Tuesday, October 05, 2010

Vietnamese Summer Roll

The food challenge of the week was supposed to be Korean cold noodles. However, I couldn't find them at the Asian supermarket I was at, so I decided to make up for it by making hubby his favourite Vietnamese rolls. The rice paper were a little tricky to work with but the rolls turned out alright in the end. I also made the boo boo of mixing all the ingredients for the sauce into one bowl but it still tasted pretty good. :P

Recipe adapted from Squidoo.com:(makes 6 rolls)
Ingredients:
6 sheets rice paper
2 large leaves of green lettuce, cut into small pieces
3 ounces rice vermicelli, cooked
1/2 cup cilantro, chopped
12 mint leaves
9 large shrimps, cooked, peeled, deveined and cut in halfs

For the dipping sauce:
1 tablespoon fish sauce
3 tablespoons warm water
1 1/2 tablespoons fresh lime juice
3/4 clove garlic, minced
1 1/4 tablespoons white sugar
1/3 teaspoon garlic chili sauce (Chirashi)
2 3/4 tablespoons hoisin sauce
1 teaspoon finely chopped peanuts (I replaced the sugar and peanuts with 1 tablespoon of peanut butter)
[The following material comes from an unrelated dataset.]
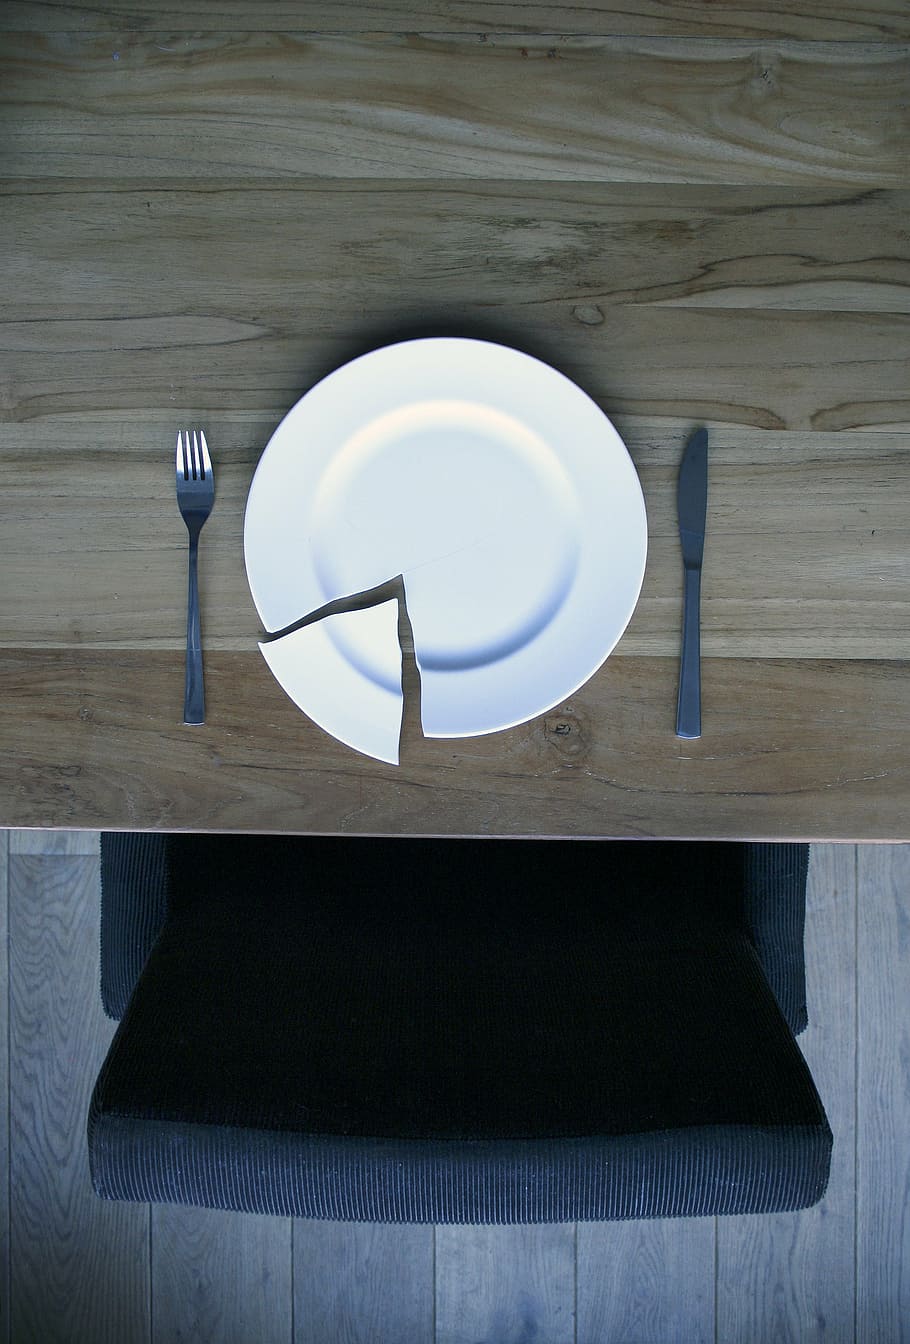 broken, round, white, ceramic, plate, gray, stainless, steel fork, butter spreader, broken plate on a wooden table

1. Bring the water to boil. Boil rice vermicelli 3 to 5 minutes, or until al dente, and drain.
2. Dip the rice paper in a large bow of warm water so it will become soft
3. Place the rice paper on a flat area, then stack small amount of lettuce, rice noddles, cilantro, mint leaves, and 3 haft shrimps
4. Roll the rice paper
5. In a small bowl, mix the fish sauce, water, lime juice, garlic, sugar and chili sauce together.
6. In another bowl, mix hoisin sauce, peanuts, and chilli sauce. Serve the rolls with these two sauce.

2 comments:

sugarlens said...

I make a different version of this myself with all kinds of veggies, meat, and mung bean noodles. Yum.

However, I like spring rolls far more than summer rolls. Deep fried is always better in my book.

knickknacks said...

I like all things deep fried too! :) But it creates such a mess in the kitchen!